This chain looks clear, but each step hides complex problems: statistical stability, identity consistency, cluster interpretability, threshold setting, governance boundaries, semantic compression—instability in any link will cause the mainline to drift.
The reason to do multiple reference counting and association clustering is not for a formal “data-driven” posture, but to return to a plain and harsh principle—counting what you say is not as good as counting what you do.
In high-frequency development mode, with hundreds of queries per day, dense note-taking, continuous decisions, your true cognitive center of gravity will not show up in declarations, but in repeatedly invoked fragments.
The body is honest, the path is honest, and repeatedly cited structures almost inevitably carry real utility.
A structure that is triggered many times, invoked across scenarios, and continuously reappears cannot be just accidental noise.
Therefore, the true purpose of promotion is not upgrading documents, but extracting a cognitive mainline from behavioral residuals.
Multiple references are gravity, clustering is the path shape, proposals are institutional candidates, Gate is rational calibration, and AI is only the final language compressor.
There is only one core motivation: in the flood of countless micro-decisions, extract your road’s mainline, letting it condense from fragmented actions into a schedulable, auditable, inheritable structure.
This is the original idea, and it is the fundamental reason this whole system exists.
Where Are the Difficult Parts?
The real difficulty is not “process design,” but that when you try to turn high-entropy human language into traceable, computable, auditable structural units, all the implied instability will be exposed.
First is the positioning problem.
Human text is naturally messy, with no stable boundaries and no native IDs.
When you write notes in Sovereign_Log, you cannot possibly number every point manually while thinking.
Even if you force numbering, does the number belong to a paragraph, a sentence, a clause, or some cross-paragraph logical unit?
Use the first half of a sentence as an anchor? Or the second half?
Rely on machine chunking?
Is the machine sentence-splitting algorithm stable?
If you add a paragraph earlier in a revision, all subsequent paragraph positions shift.
How do you choose granularity?
Too coarse, multiple points get mixed together; too fine, semantics get shredded.
What you face is not an “index problem,” but a “semantic identity problem”—in a natural-language world without native IDs, how do you give an idea a stable identity that won’t drift with formatting edits?

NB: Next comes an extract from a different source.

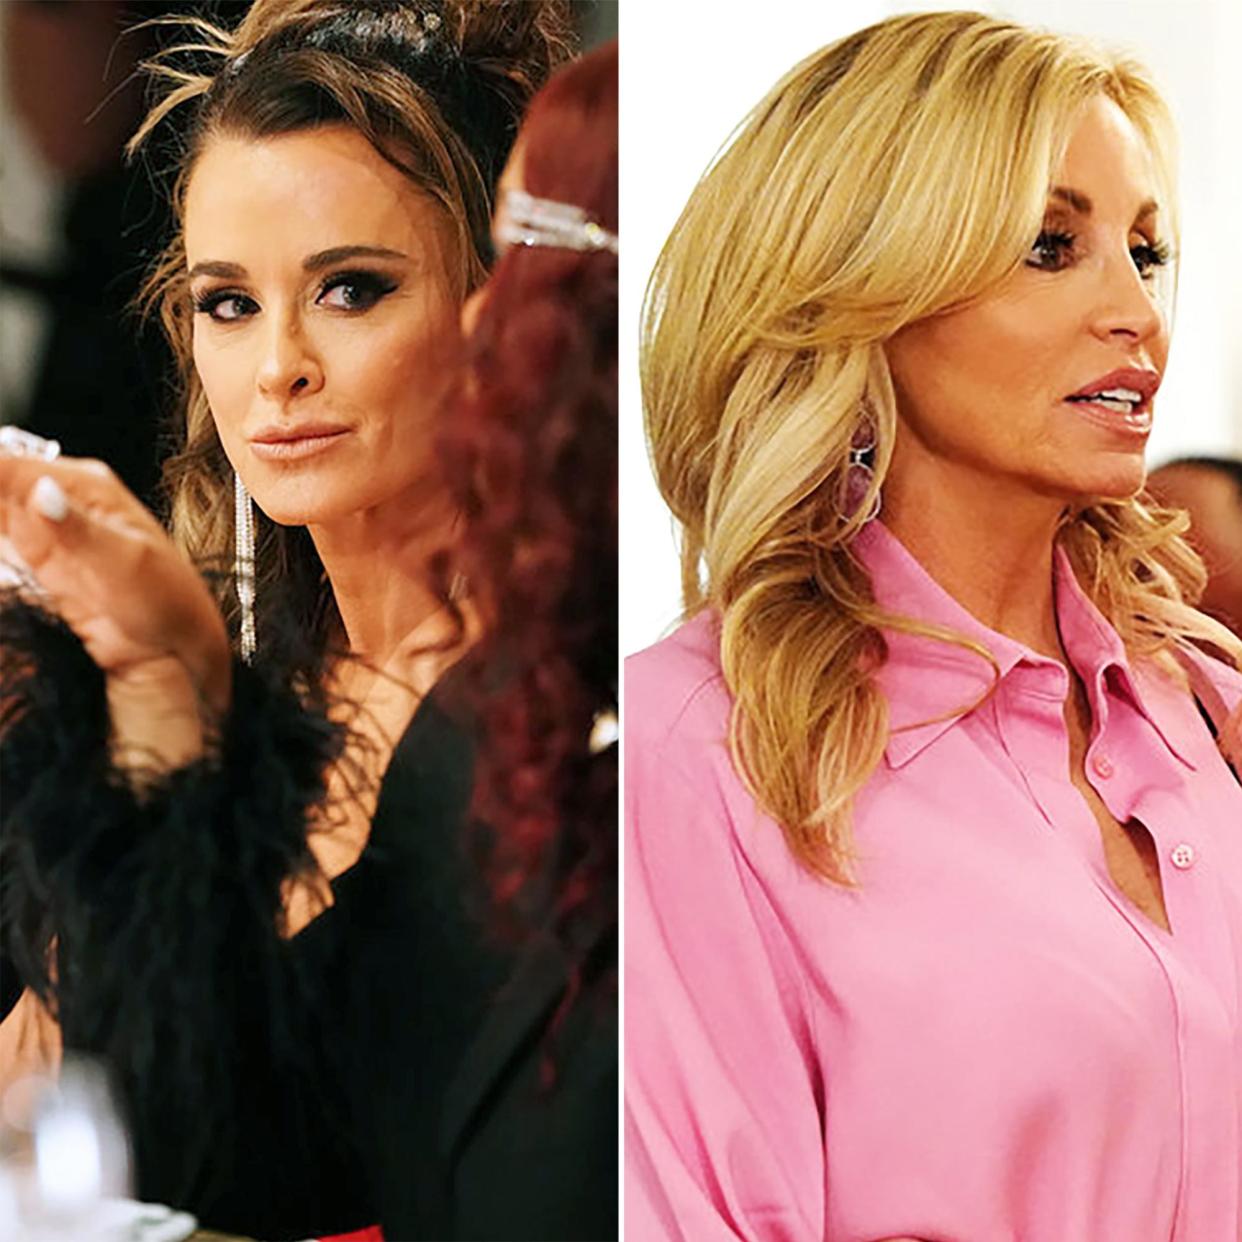 Kyle Richards Hosts RHOBHs 2nd Dinner Party From Hell Complete With Camille Grammer and Faye Resnick

If this step is unstable, all later reference counting and clustering analysis becomes a building on sand.
Second is the association clustering problem.
You counted references, but that is only the strength of a “point.”
Clustering means deciding which points form a path.
But what is the standard?
Co-occurrence count?
Temporal proximity?
Cross-project reuse frequency?
Semantic similarity?
If you rely on embedding similarity, that is semantic approximation, not invocation behavior; if you rely on join-key co-occurrence, that may be just accidental adjacency.
What exactly are you clustering?
Concepts?
Argument patterns?
Decision templates?
If you don’t have a clear clustering target, the algorithm will only give you a mathematical structure, not a cognitive structure.
The difficulty of clustering is not algorithmic complexity, but whether “the type of structure you want to recognize” is clearly defined.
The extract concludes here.